INFORMATION SHOWN
-=-=-

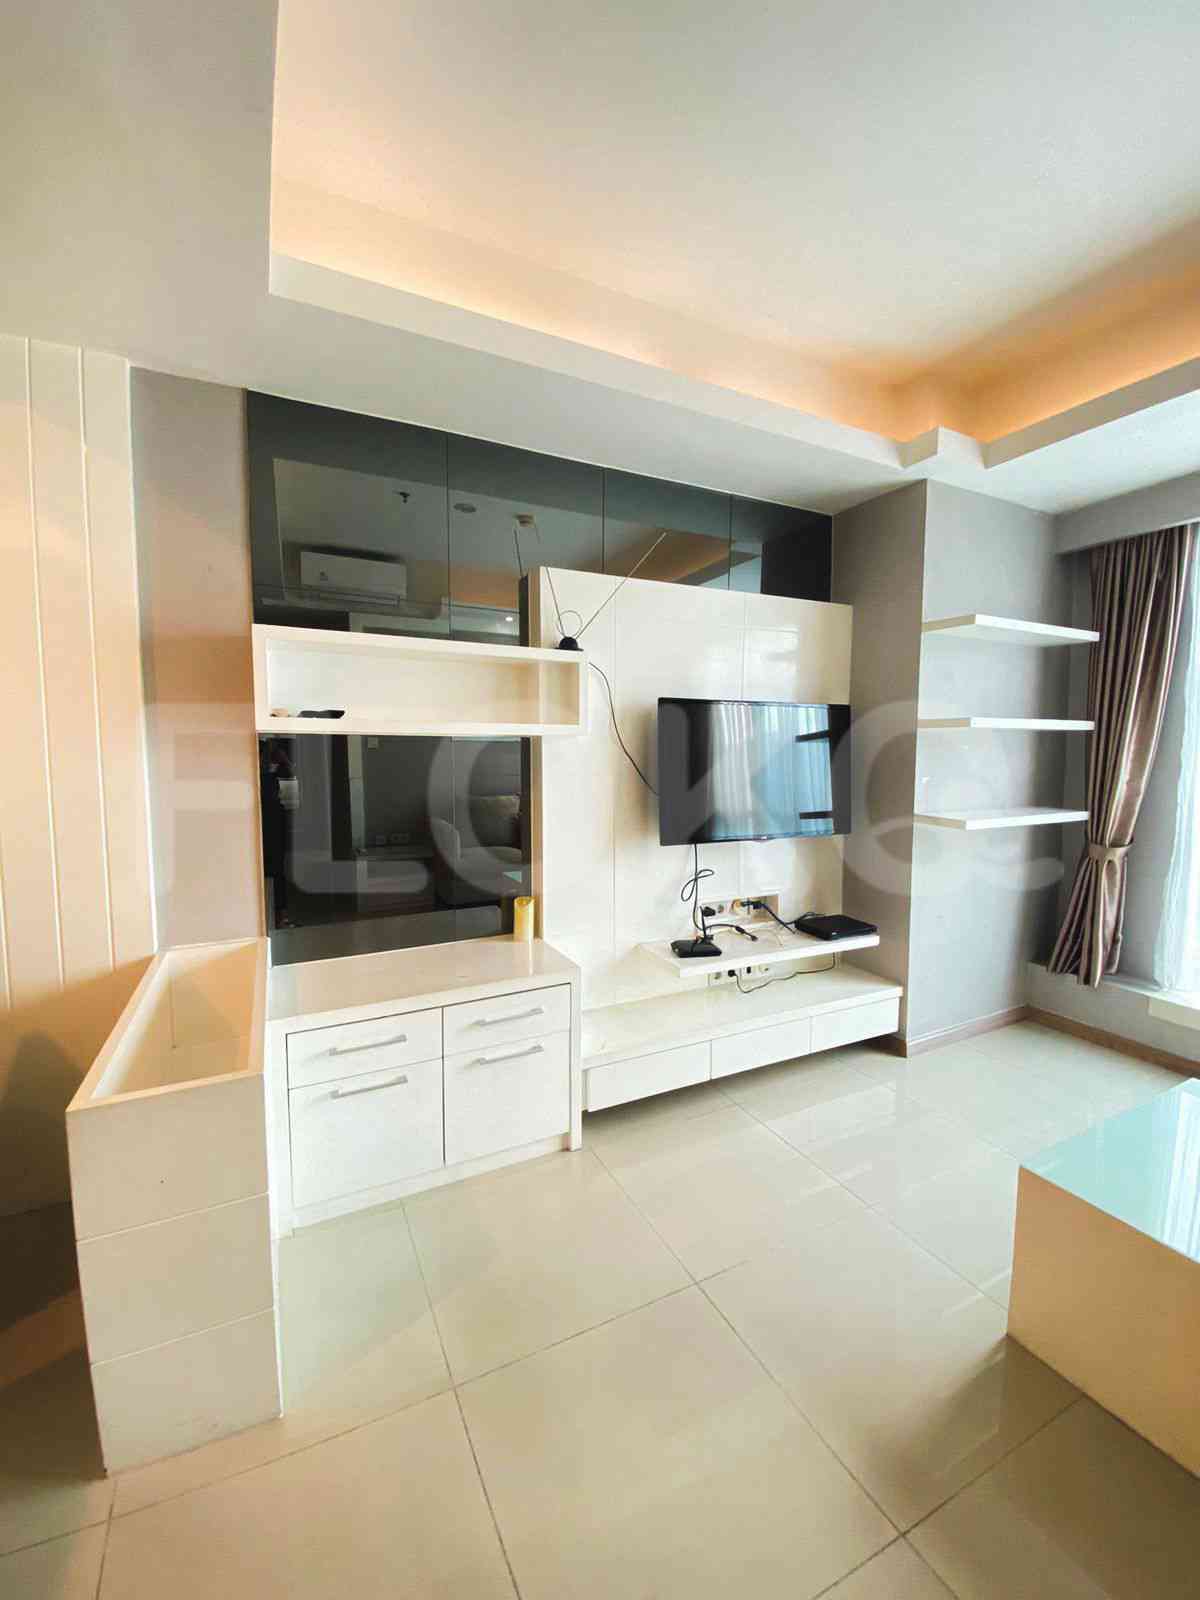 3 Bedroom on 17th Floor for Rent in Casa Grande - fte656 6
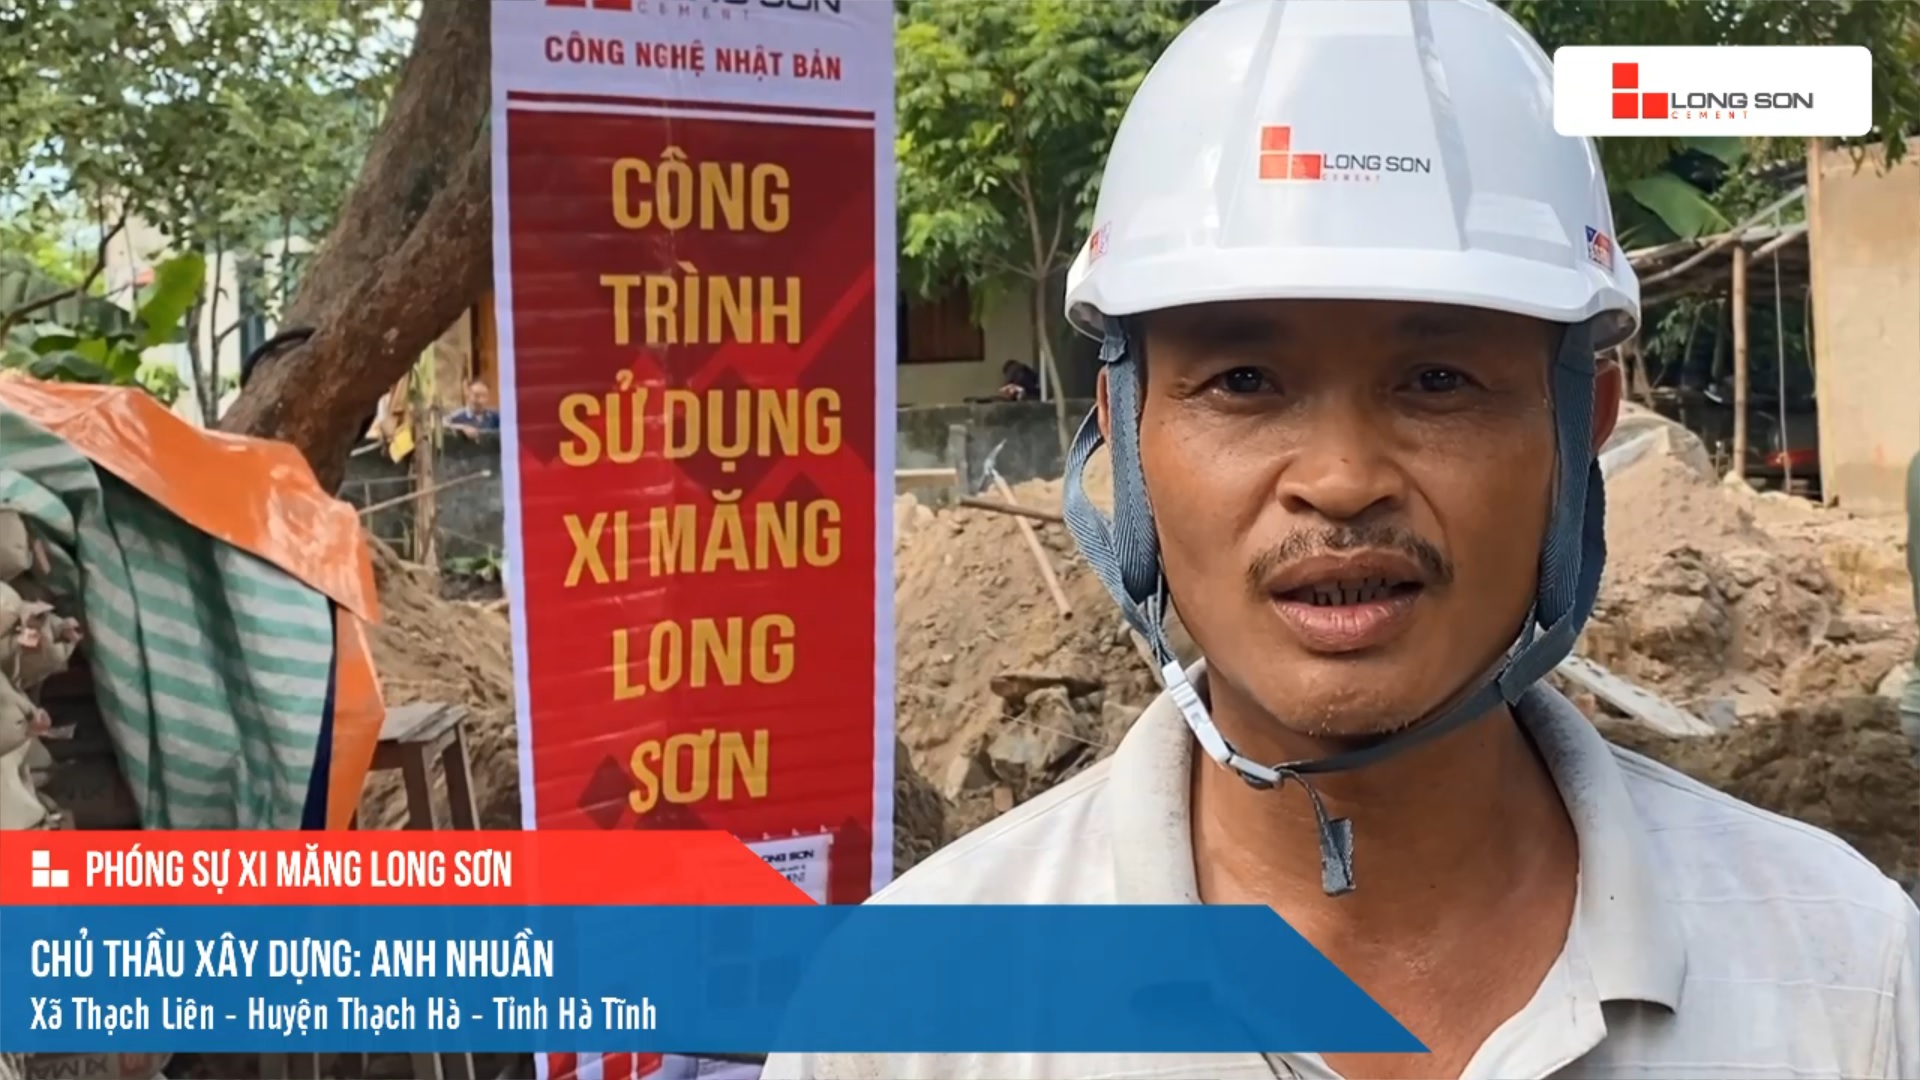 Phóng sự công trình sử dụng xi măng Long Sơn tại Hà Tĩnh ngày 26/07/2021
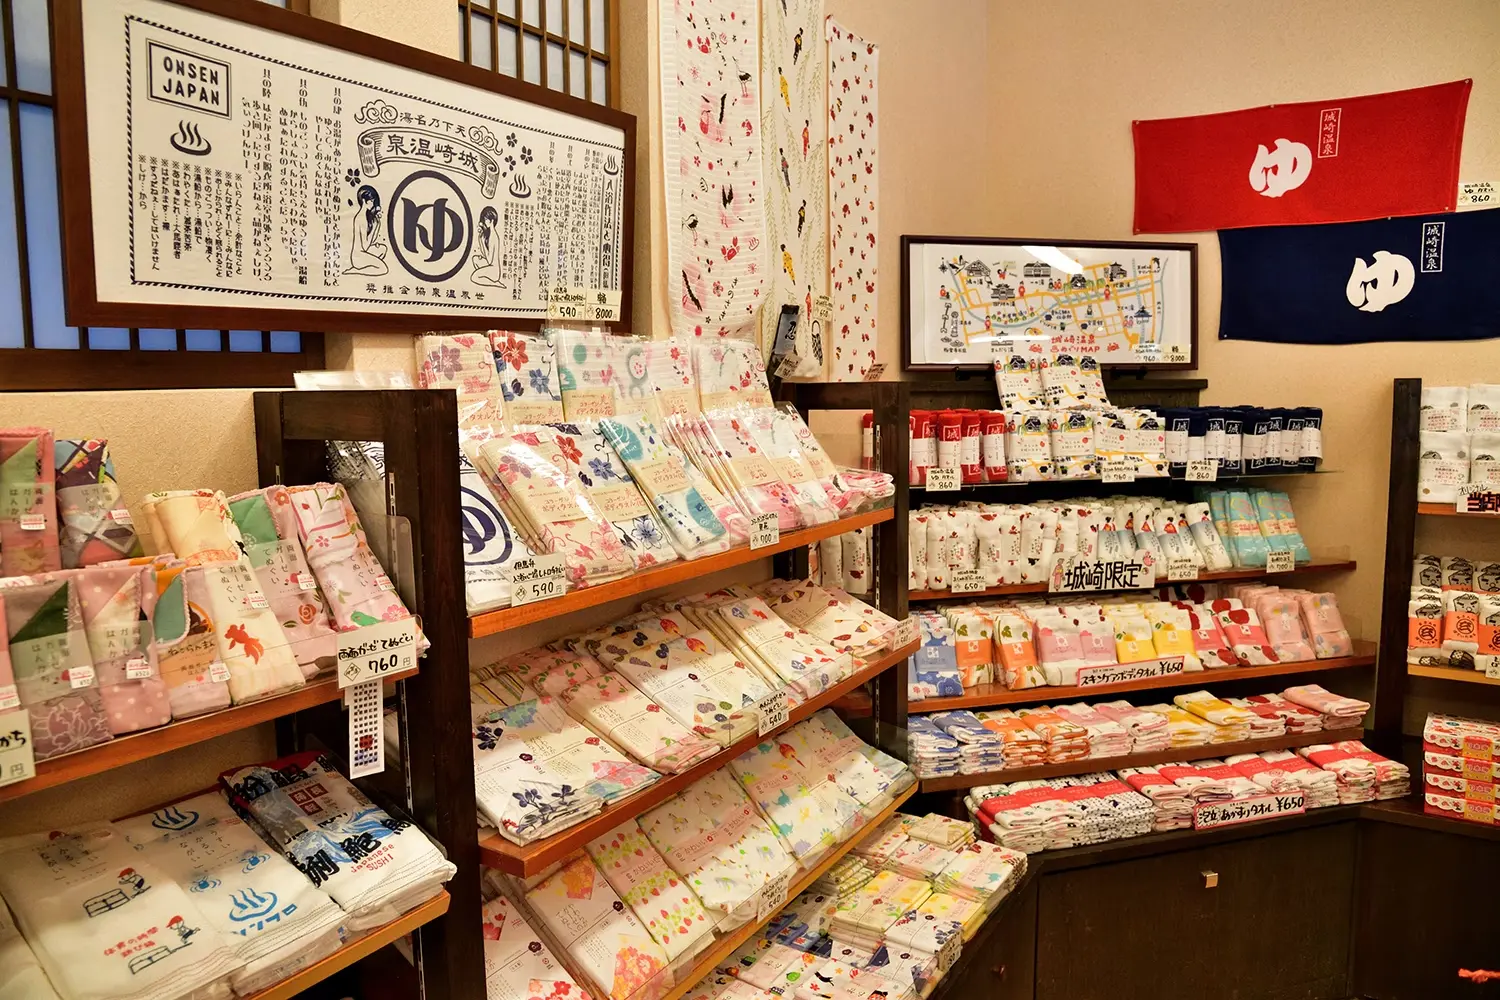 和雑貨では手ぬぐいや風呂敷、祝儀袋などが人気です。どれも日本独自のものなので、使い方を尋ねられることもあり、以前は説明に苦労することもありました。

-=-=-

YOUR OBJECTIVE
Output only these lines, word for word: the line containing "Phóng sự công" and every line after it through the last line of the data. Omit the pictures.

TASK ANSWER
 Phóng sự công trình sử dụng xi măng Long Sơn tại Hà Tĩnh ngày 26/07/2021
 和雑貨では手ぬぐいや風呂敷、祝儀袋などが人気です。どれも日本独自のものなので、使い方を尋ねられることもあり、以前は説明に苦労することもありました。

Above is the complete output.